2. Material and Methods
2.1. Blood Sample Collection
A total of 60 blood samples were obtained from Iraqi women aged 25 to 75 with breast cancer. Twenty blood samples were obtained from healthy women in the same age range as a control group. Blood samples were collected from each patient in healthy and control groups with venous blood sampling using disposable syringes in sterile EDTA tubes. Approximately 3 ml of blood samples were stored from each patient in healthy control the blood samples at –20°C ( 7 ).
2.2. DNA Extraction
DNA extraction is a method to purify DNA from cell debris by disrupting the cell membrane. Easy Pure® Blood Genomic DNA Kit was used to extract DNA from the blood of participants in both groups.
2.3. Primer Design for IL-17A Gene
The IL-17A gene sequence was collected from the Genome Database of the National Center for Biotechnology Information (NCBI) (RefSeq: NC_000006.12). Primer3 software was used (http://bioinfo.ul.ee/primer3) for rs2275913 of IL-17A primer design ( 8 , 9 ). The sequences of the forward and the reverse primers were 5'- GGCCAAGGAATCTGTGAGGA -3' and 5'- GGGATGGATGAGTTTGTGCC -3', respectively. The product size of rs2275913 was 441bp, then the primers provided by Alpha DNA company /Canada were used as lyophilized for the primers in PCR.

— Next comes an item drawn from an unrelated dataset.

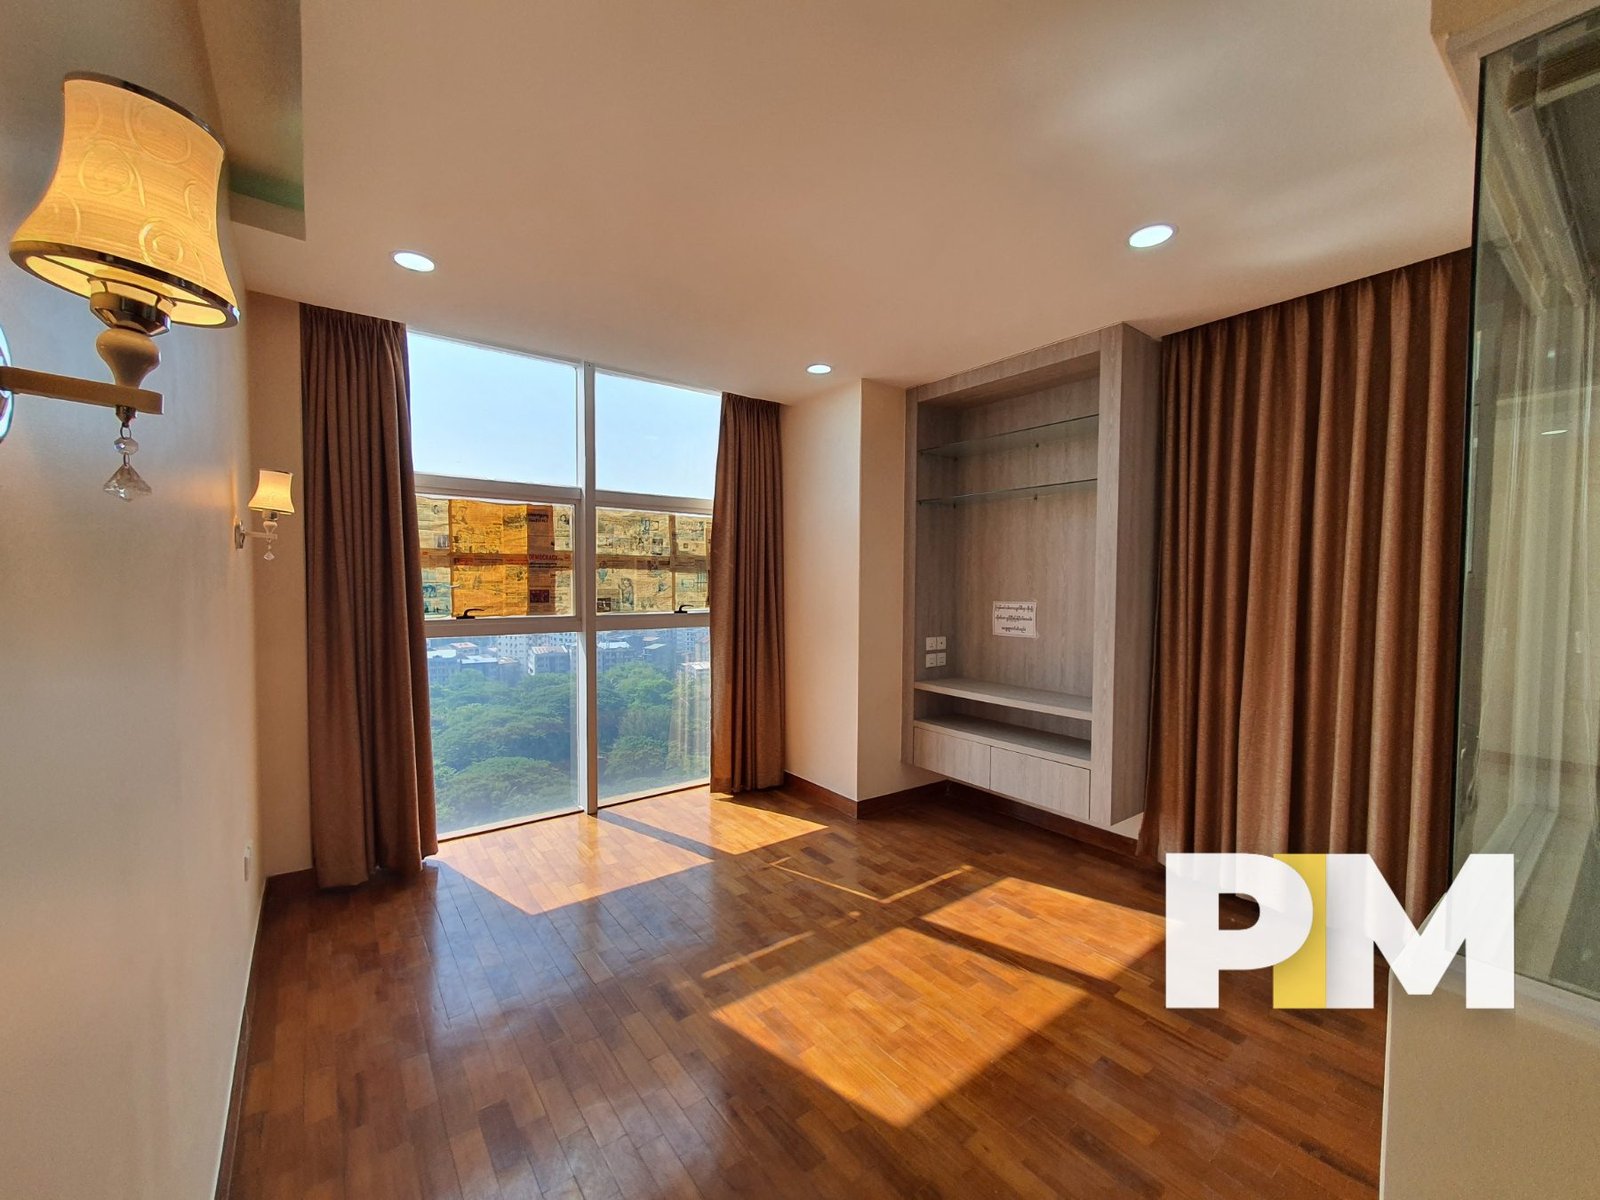 Bedroom view - Yangon Real Estate

2.4. Polymerase Chain Reaction (PCR)
The IL-17A primer was used to amplify the IL-17 A gene by PCR according to the instruction of EasyTaq PCR SuperMix. The mixture of PCR solution is shown in table 1 and table 2.
Component | Volume |
---|---|
Master mix EasyTaq® PCR SuperMix | 12.5µl |
Forward primer | 1 µl |
Reverse primer | 1 µl |
DNA | 4µl |
Nuclease free water (N.F.W) | 7.5µl |
Stage | Function | Temperature | Time | Cycle |
---|---|---|---|---|
Stage 1 | Denaturation | 95ºC | 30 s | 1 |
Stage 2 | Denaturation | 95ºC | 5 s | 35 |
Annealing | 58ºC | 30 s | ||
Extension | 72ºC | 30 s | ||
Stage 3 | Extension | 72ºC | 60 s | 1 |
2.5. Preparation of 1% Agarose Gel
Agarose gel electrophoresis was used to confirm the presence of amplification after PCR amplification or DNA extraction. PCR was completely dependent on the criteria for extracted DNA. The solutions used in this study included 1X TBE buffer, loading dye, DNA ladder marker healthy, and Gel stein (ethidium bromide). DNA samples of 60 cancer patients and 20 healthy controls were sent to Korea for sequencing at Macrogen Corporartion Company by using an automated DNA sequencer to confirm the PCR products of the IL-17 A gene. DNA samples from 60 cancer patients and 20 healthy controls were sent to Korea for sequencing at Macrogen Corporartion Company using an automated DNA sequencer. Then, bioinformatics methods were used to analyze the function and predict the structures of IL-17 Aprotein.The BLASTX program was used to translate nucleotide sequence to that of the amino acid (protein sequence), the results of which are used to detect mutations in the rs2275913 region in the IL-17 A gene sequence, include substitution, frameshift, missense, and deletion mutations in breast cancer patients ( 10 ). The physiochemical properties of the primary protein composition were calculated by comparing the results with those of the control samples using ProtParam program which showed the effect of mutations on the molecular weight and protein stability ( 11 ).
3. Results
3.1. Detection of IL-17 A Gene by PCR Technique
As shown in figure 1, the results for the amplification segments in the DNA of patients and control of the first primer gave a clear band with a size of 441 bp when electrophoresed on (1%) agarose gel at 100 volts for 60 min. Bands were shown in UV light after staining with a red safe stain. Lane M: DNA ladder (in base pairs) from bottom to top: 100, 200, 300, 400, 500, 600, 800, 1000, 1200,1300, 1400 and 1500.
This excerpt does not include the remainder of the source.